Study of solar activity with AERA at the Pierre Auger Observatory

TL;DR

This study analyzes 11 years of AERA data at the Pierre Auger Observatory to understand how solar activity impacts radio wave propagation, revealing correlations with solar radio bursts and effects on cosmic-ray detection.

Contribution

It provides the first long-term analysis linking solar activity, radio bursts, and AERA measurements, highlighting the impact on radio-based cosmic-ray detection.

Findings

Detected various solar radio bursts in AERA data.

Found correlation between MUF and broadband noise in 30-40 MHz.

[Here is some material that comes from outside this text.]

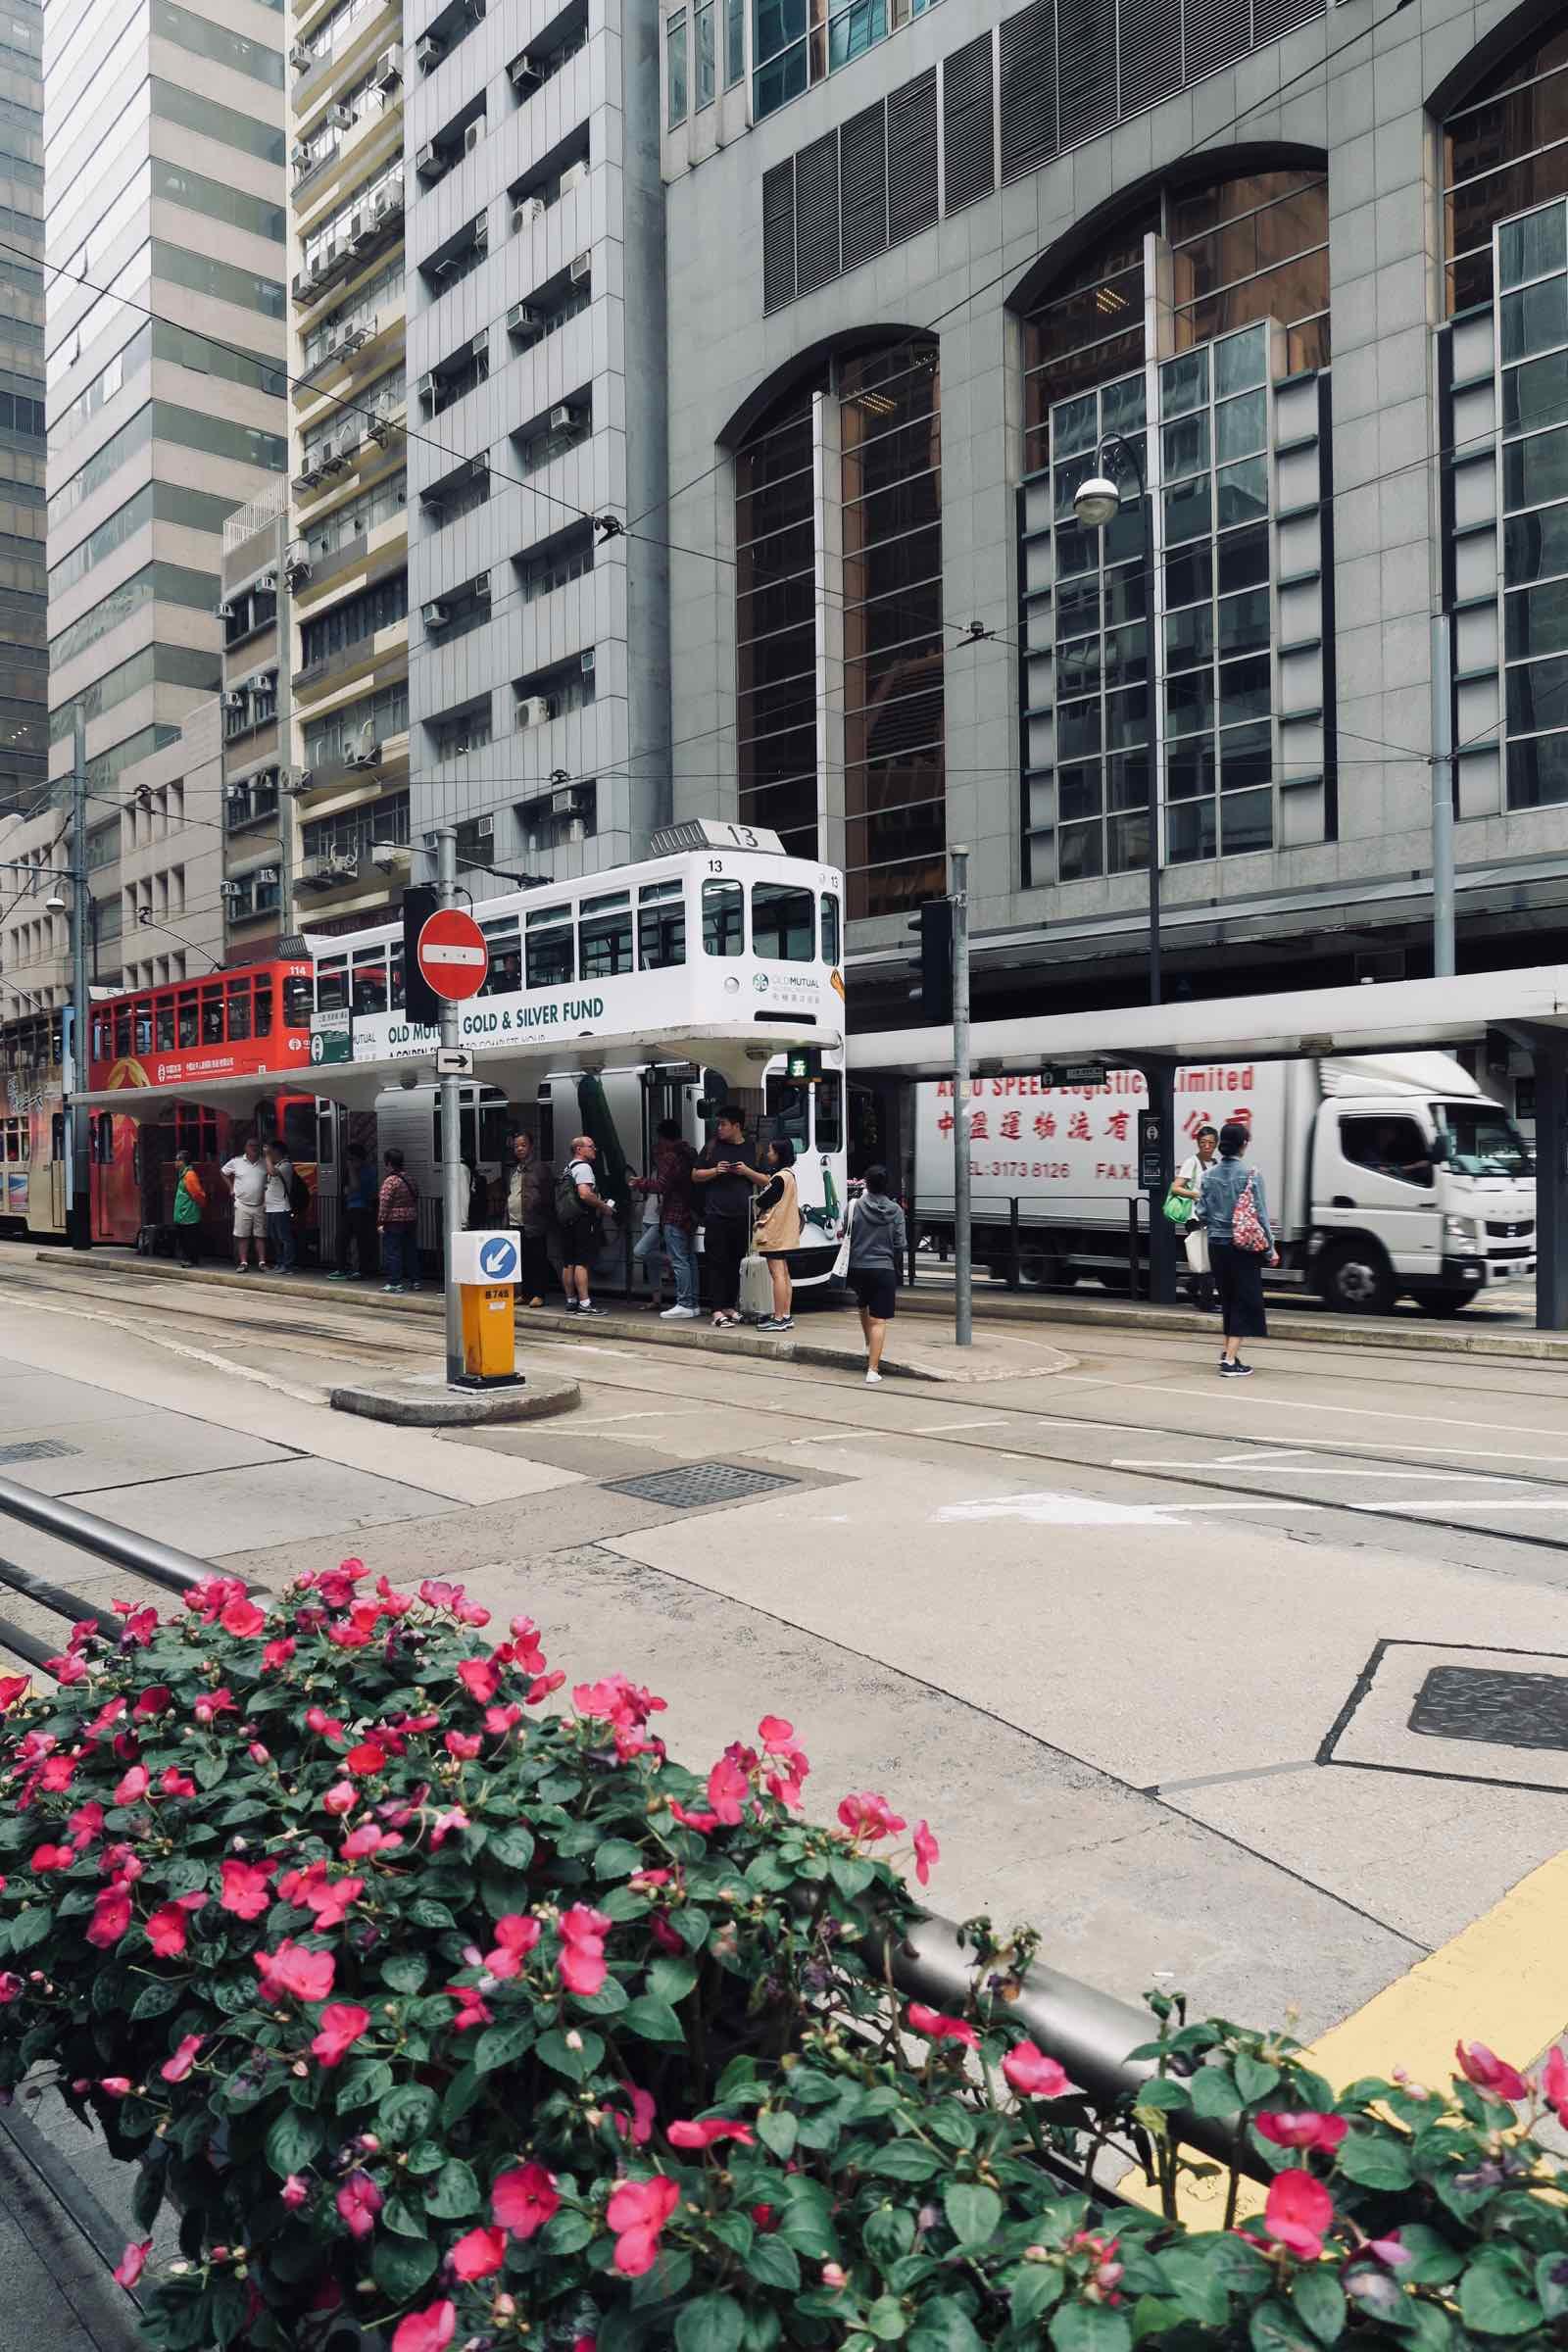 ding-ding-hong-kong-tram.jpg

Observed radio blackouts coinciding with NOAA reports.

Abstract

Solar activity events release vast amounts of energy, including radio waves, X-rays, ultraviolet radiation, and energetic particles, which interact with the ionosphere of the Earth and can disrupt radio wave propagation, affecting radio communications. They can either enhance reflections, improving long-distance terrestrial communications, or cause signal degradation and absorption, respectively, depending on whether the increased ionization affects the upper or lower layers of the ionosphere. In the first case, the solar cycle modulates the Maximum Usable Frequency (MUF), the highest frequency usable for radio communication between two Earth-based points. The Auger Engineering Radio Array (AERA) of the Pierre Auger Observatory was developed to measure the radio emission from extensive air showers in the $30-80$ MHz band. We examine the impact of solar activity on AERA data collected over approximately 11 years. We report the detection of different types of solar radio bursts and we investigate how increased solar radiation - particularly in the X-ray and extreme ultraviolet bands - also affects measurements in the AERA energy band. Our results show a remarkable correlation between the MUF and the broadband noise observed in the $30-40$ MHz frequency range. Radio blackouts are also observed in AERA spectrograms in coincidence with those reported by the National Oceanic and Atmospheric Administration (NOAA). Additionally, we performed a search for temporal coincidences between AERA data and independent observations of solar radio burst events from the e-CALLISTO network and the SWAVES instrument. These findings highlight the complex interplay between solar activity and radio wave propagation, which is also relevant for cosmic-ray detection.